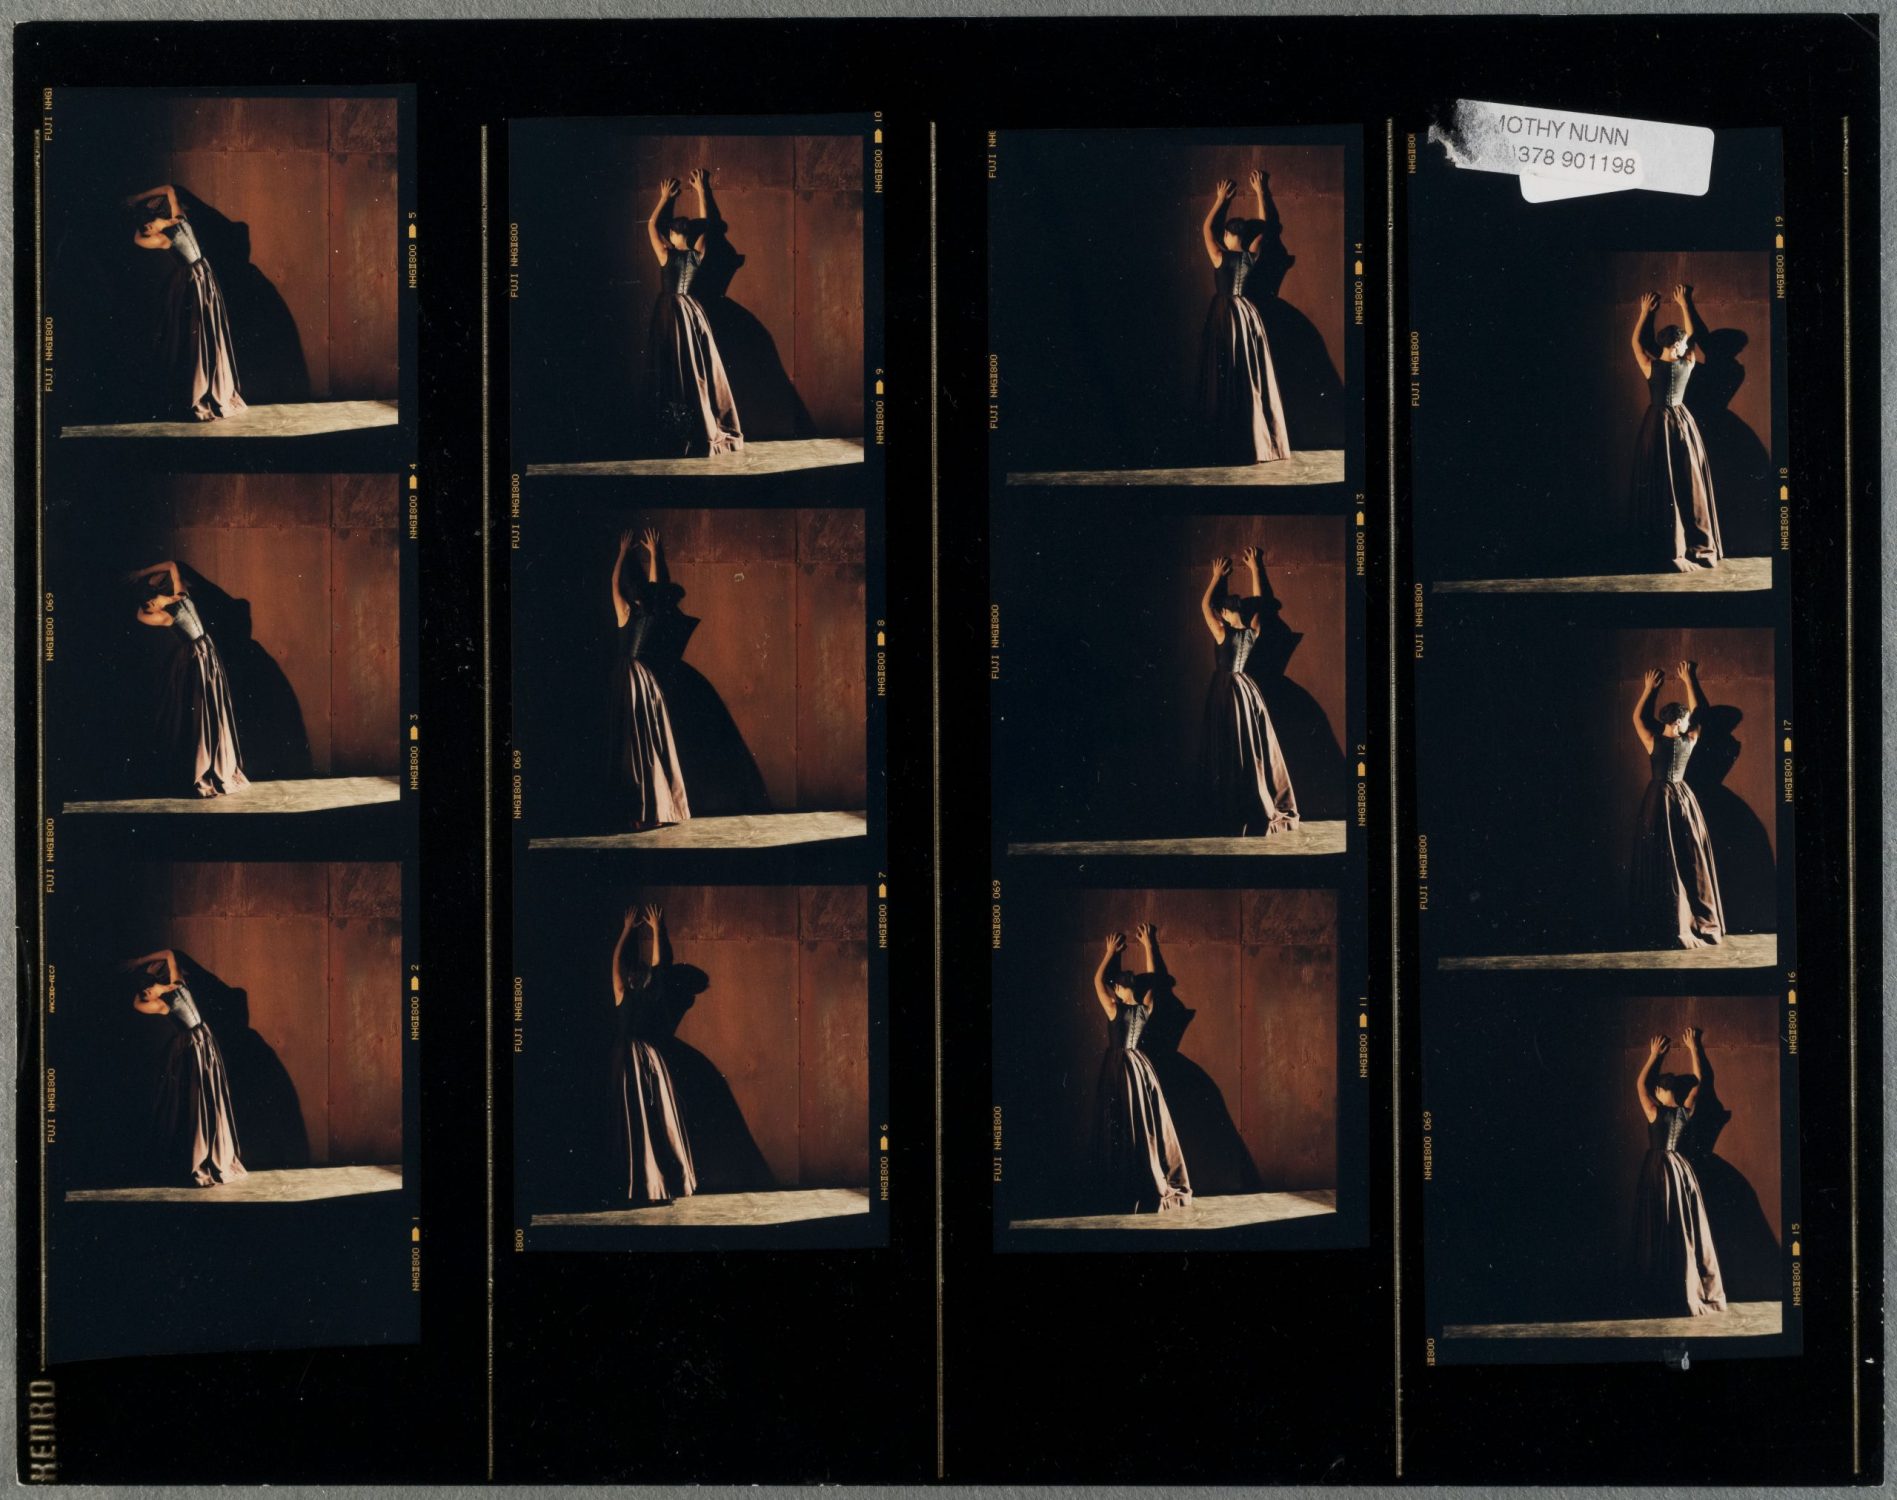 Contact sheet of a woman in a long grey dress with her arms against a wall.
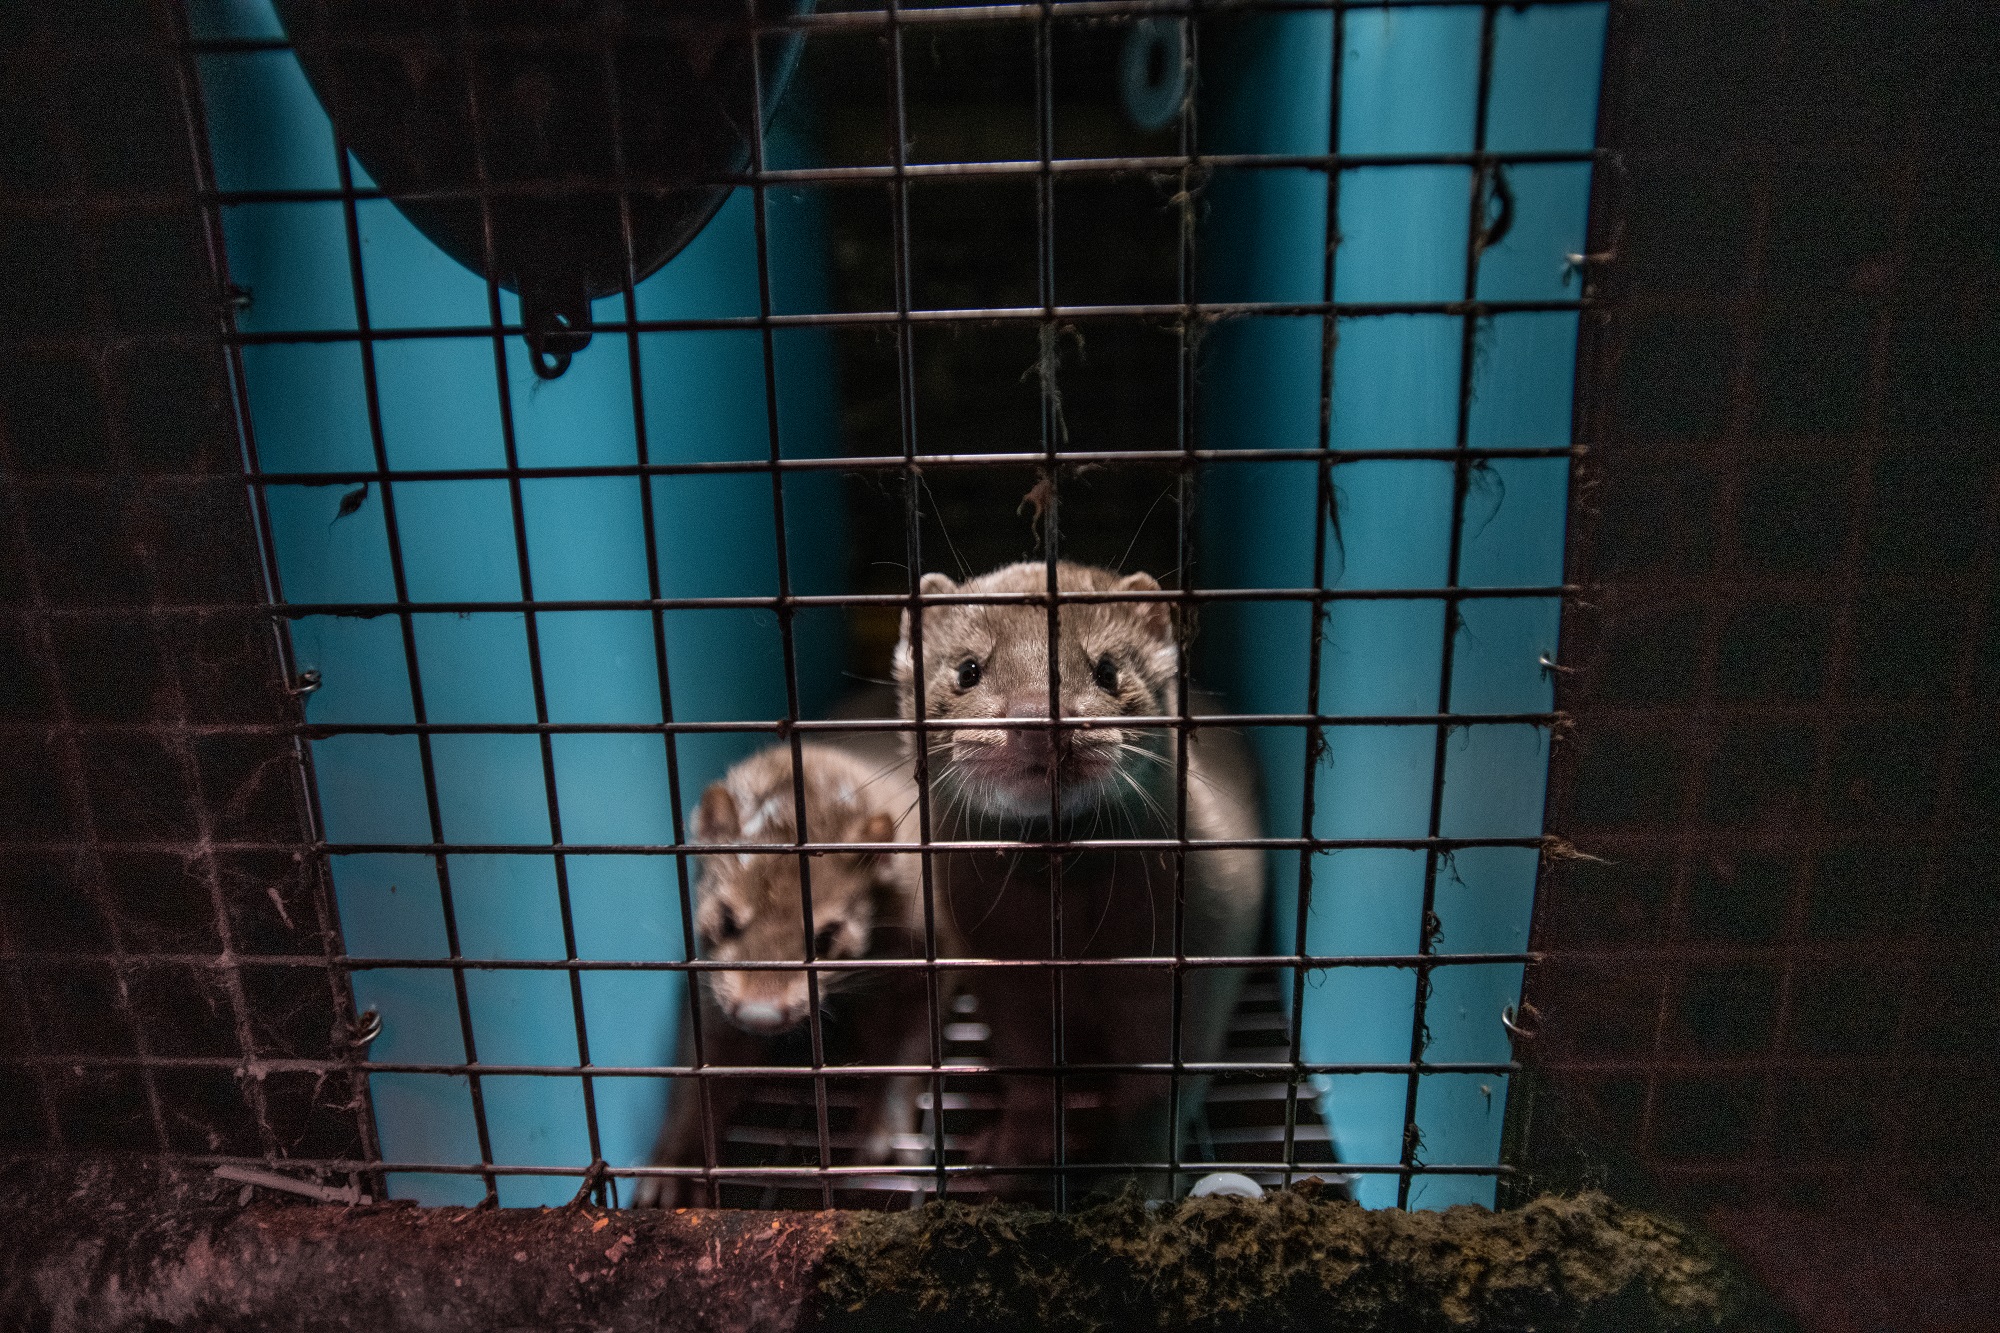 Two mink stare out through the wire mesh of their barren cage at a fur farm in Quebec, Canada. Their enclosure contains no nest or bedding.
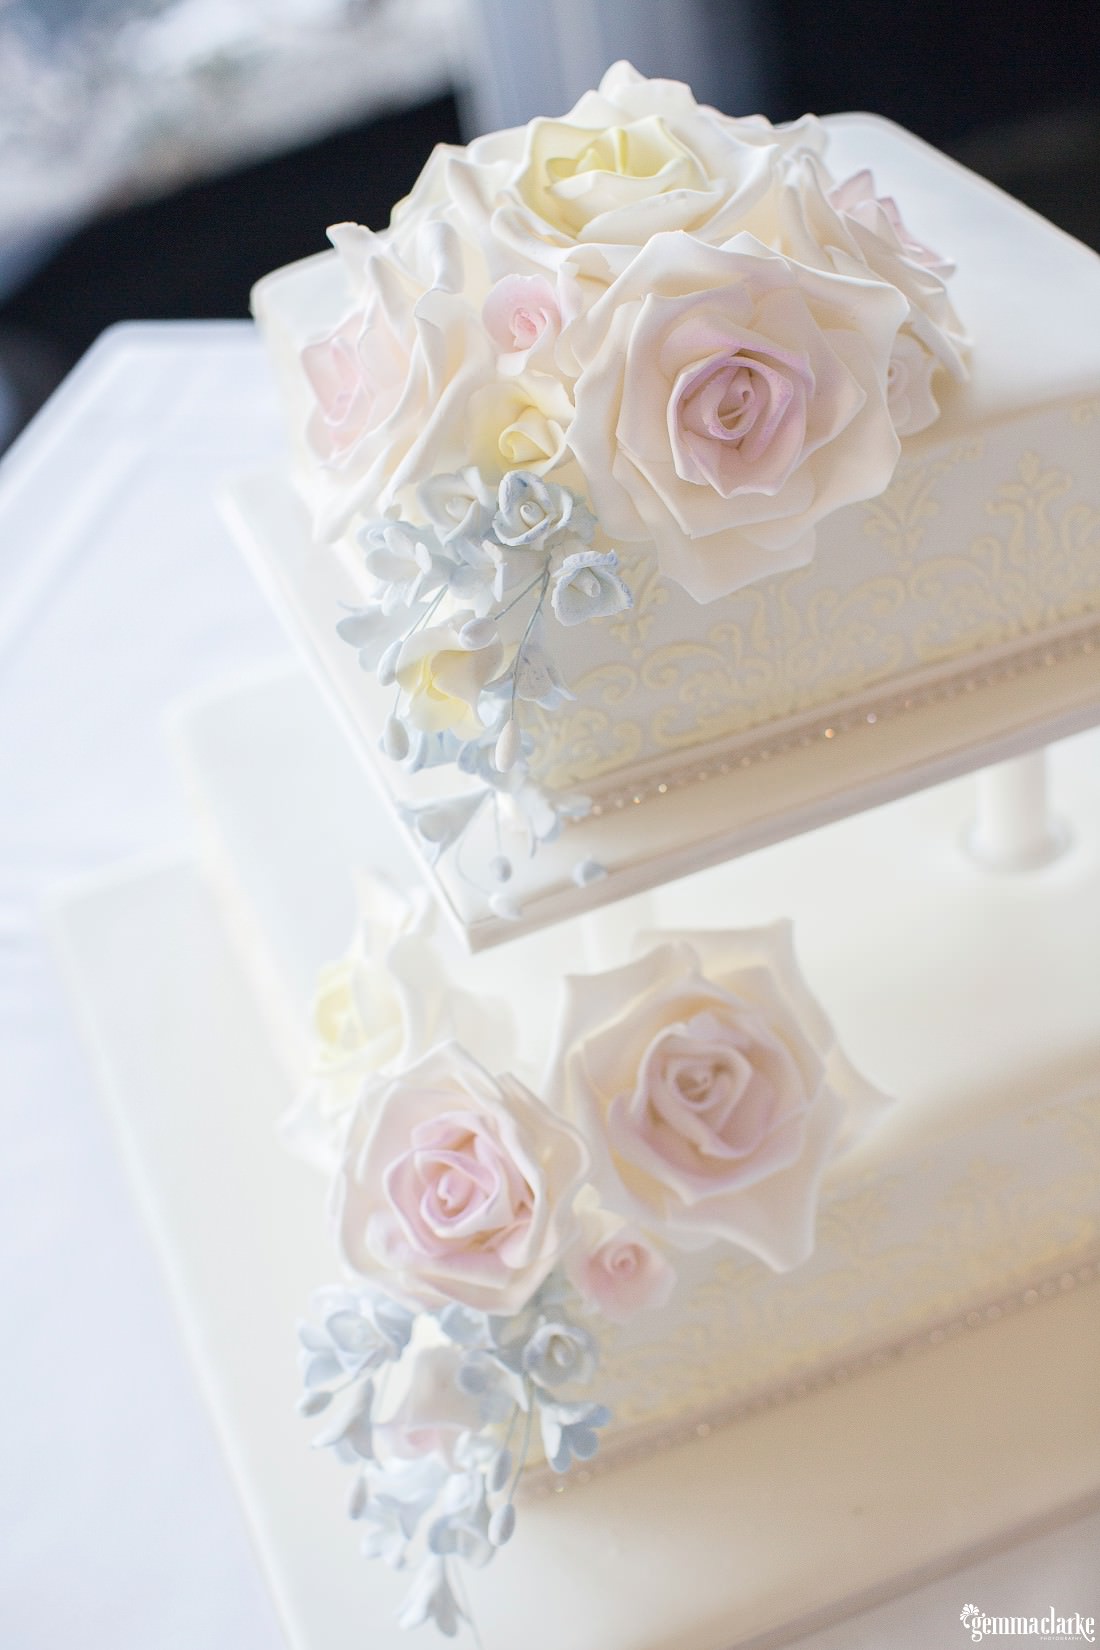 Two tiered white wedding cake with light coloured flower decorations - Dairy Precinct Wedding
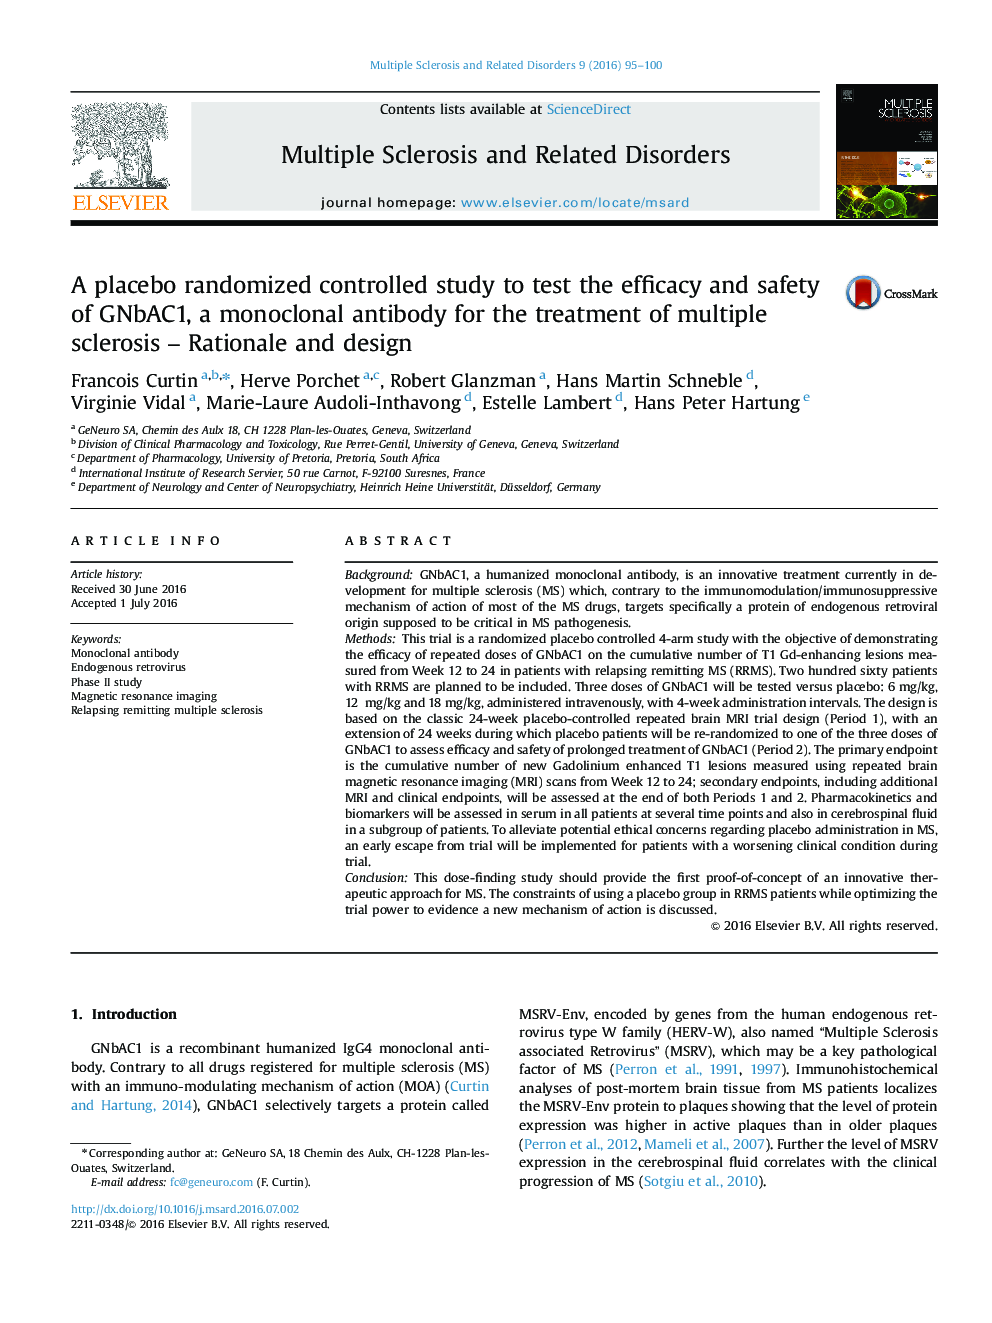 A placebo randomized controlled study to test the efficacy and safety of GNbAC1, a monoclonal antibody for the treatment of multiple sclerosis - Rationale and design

□ □ □ □ □ □ □

Nothing but an exact copy of the data, without pictures, should be returned.

 Contact sheet of a woman in a long grey dress with her arms against a wall.
 Two mink stare out through the wire mesh of their barren cage at a fur farm in Quebec, Canada. Their enclosure contains no nest or bedding.
 Two tiered white wedding cake with light coloured flower decorations - Dairy Precinct Wedding
 A placebo randomized controlled study to test the efficacy and safety of GNbAC1, a monoclonal antibody for the treatment of multiple sclerosis - Rationale and design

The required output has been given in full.